I settled myself back into my seat. “So, who is it? What’s the project?”

“A singer I’m backing right now. Still working some things out with the contract, so it’s on the low,” he said secretively. “But if everything works out, we’re gonna move fast. The label is sending us to Brazil to record. Hope you have your passport ready. Some company trip shit.”

“Are you serious? Are you flipping serious?” I ignored Megatron’s request that I leave space between us and jumped on him again, kissing his cheeks and making him hug me.

He held out, but after a while he started laughing and hugged me back.

“Guess this means you have a passport.”

“I do!” I jumped up and clapped my hands. “When do we leave? I mean, if everything works out with the contract—”

“Next week. And don’t worry about a thing. Everything is covered by the label. But you know that from working with Kimya in Brazil, right?”

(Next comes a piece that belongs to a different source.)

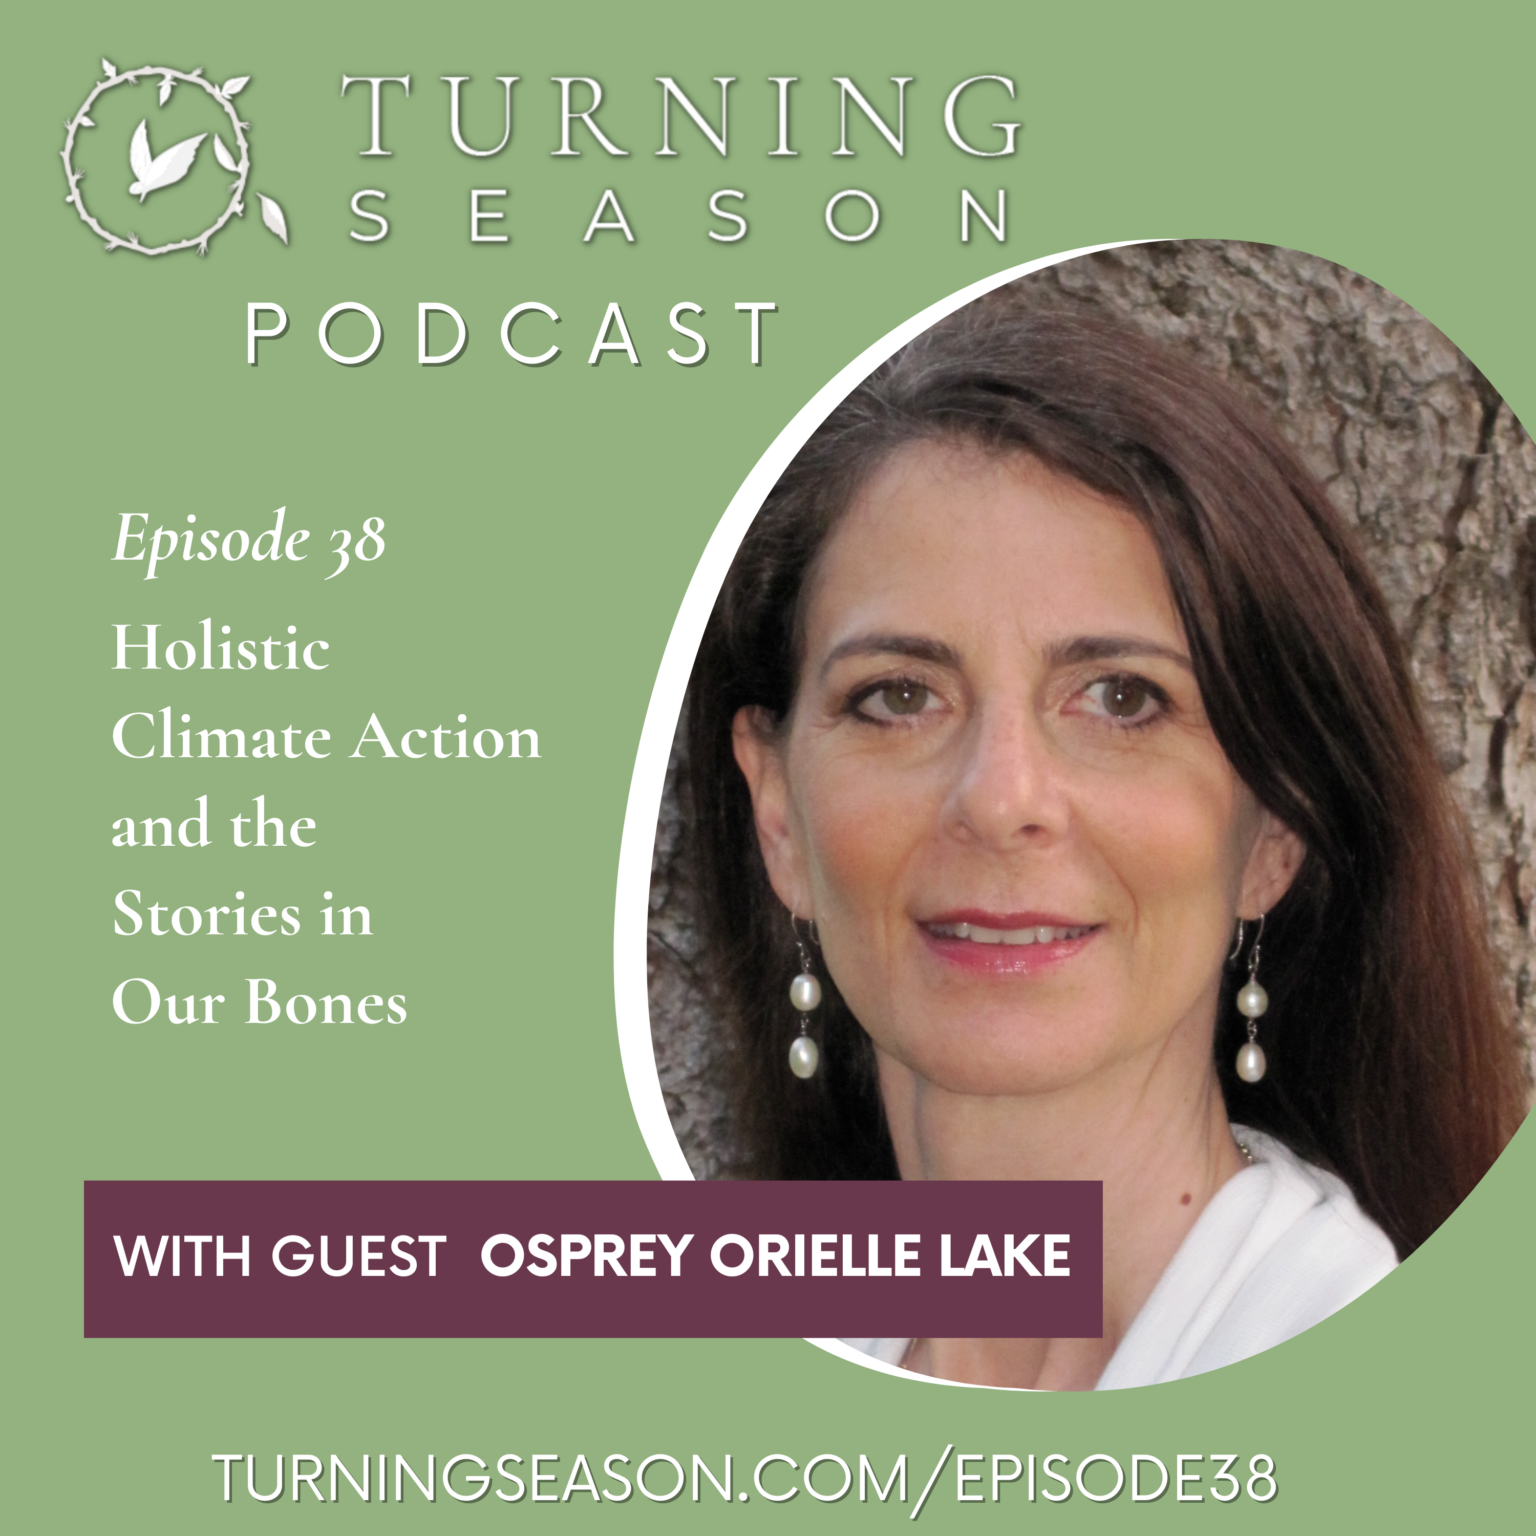 Turning Season Podcast Episode 38 with Osprey Orielle Lake hosted by Leilani Navar turningseason.com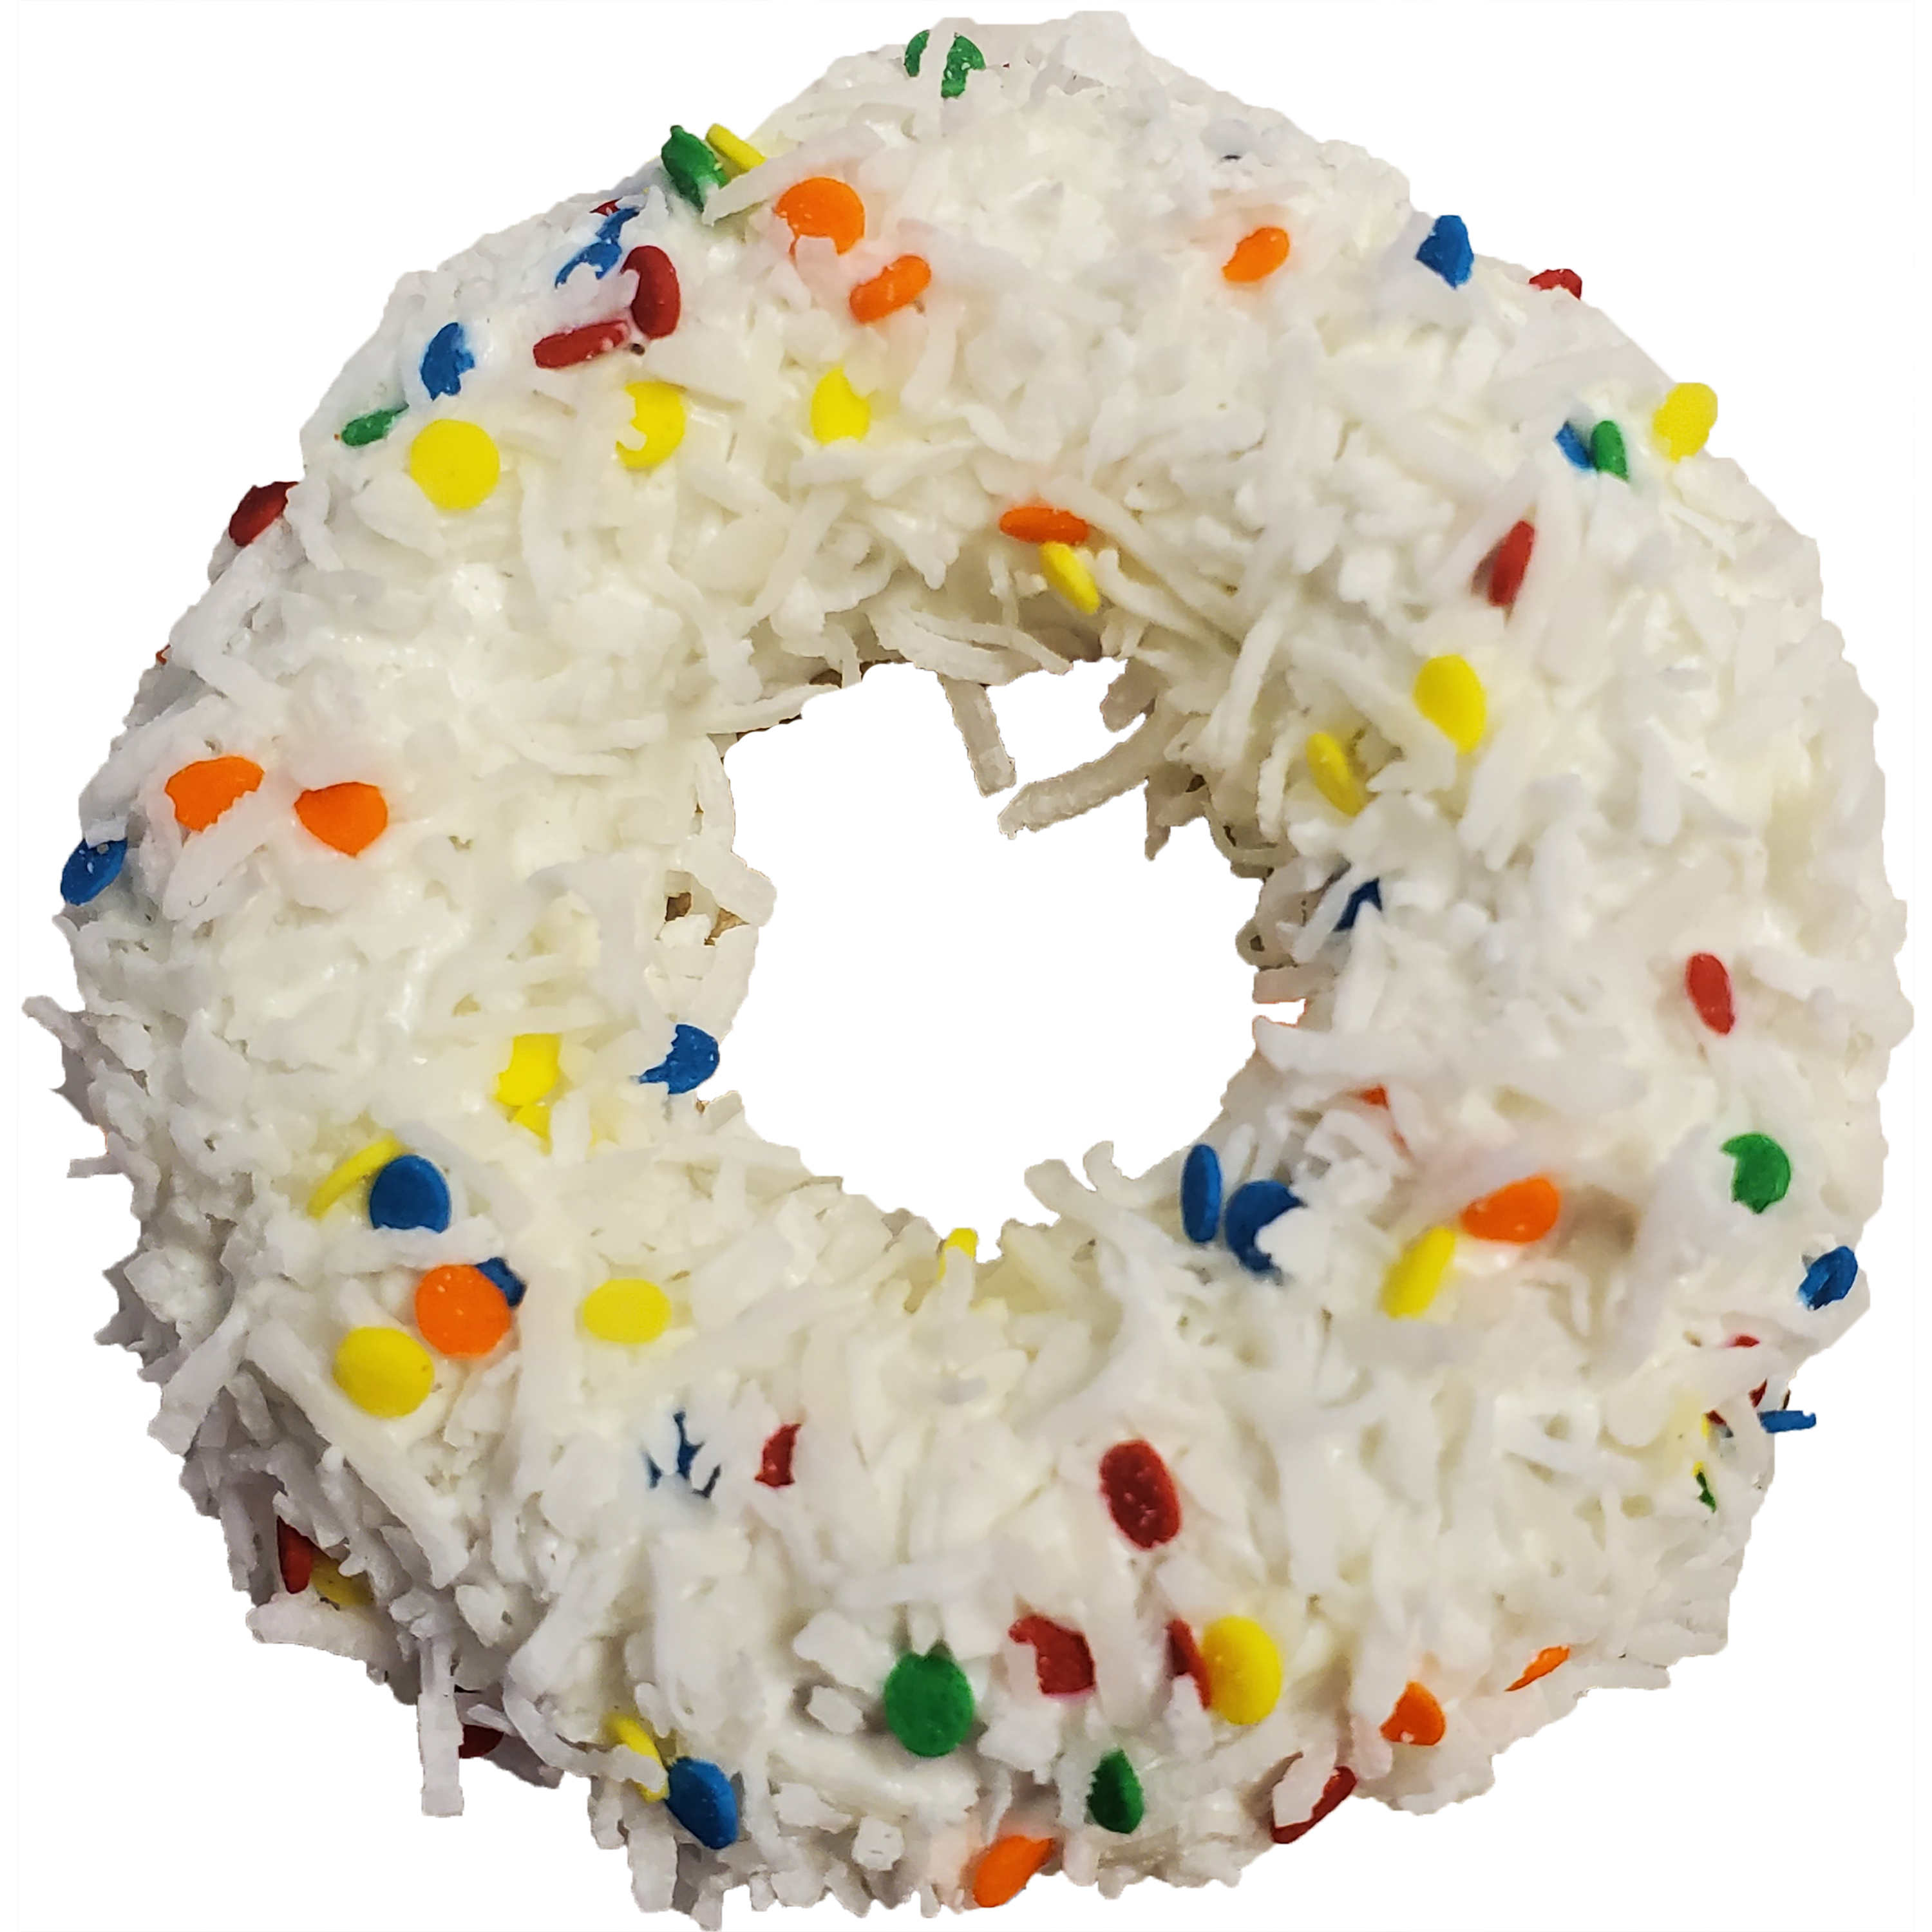 K9 Granola Factory Donut Shop Gourmet Donut For Dogs, Birthday Cake

“Yes,” I agreed. I hadn’t seen Kimya in months, but still hearing her name stung a little. By then, she knew I was working with Megatron. We’d nearly run into each other at the studio a few times and while people thought the music industry was big, it was really like a country high school cafeteria that included the cool kids’ lunch table and nerdy back corner. Having left my post with Kimya, I was supposed to have been sent to the nerdy corner, but my new connection to Megatron meant I might actually get a seat at the cool kids’ table. And the way things ended with me and Kimya, I knew she wasn’t happy about that. My being successful meant I could do it on my own—that I never needed her and she’d always only needed me. To Kimya, that was betrayal and she wasn’t above seeking and getting revenge—when she was sober. I knew she’d come for me. It was just a matter of when and how. I wondered if she’d already tried to talk Megatron out of working with me.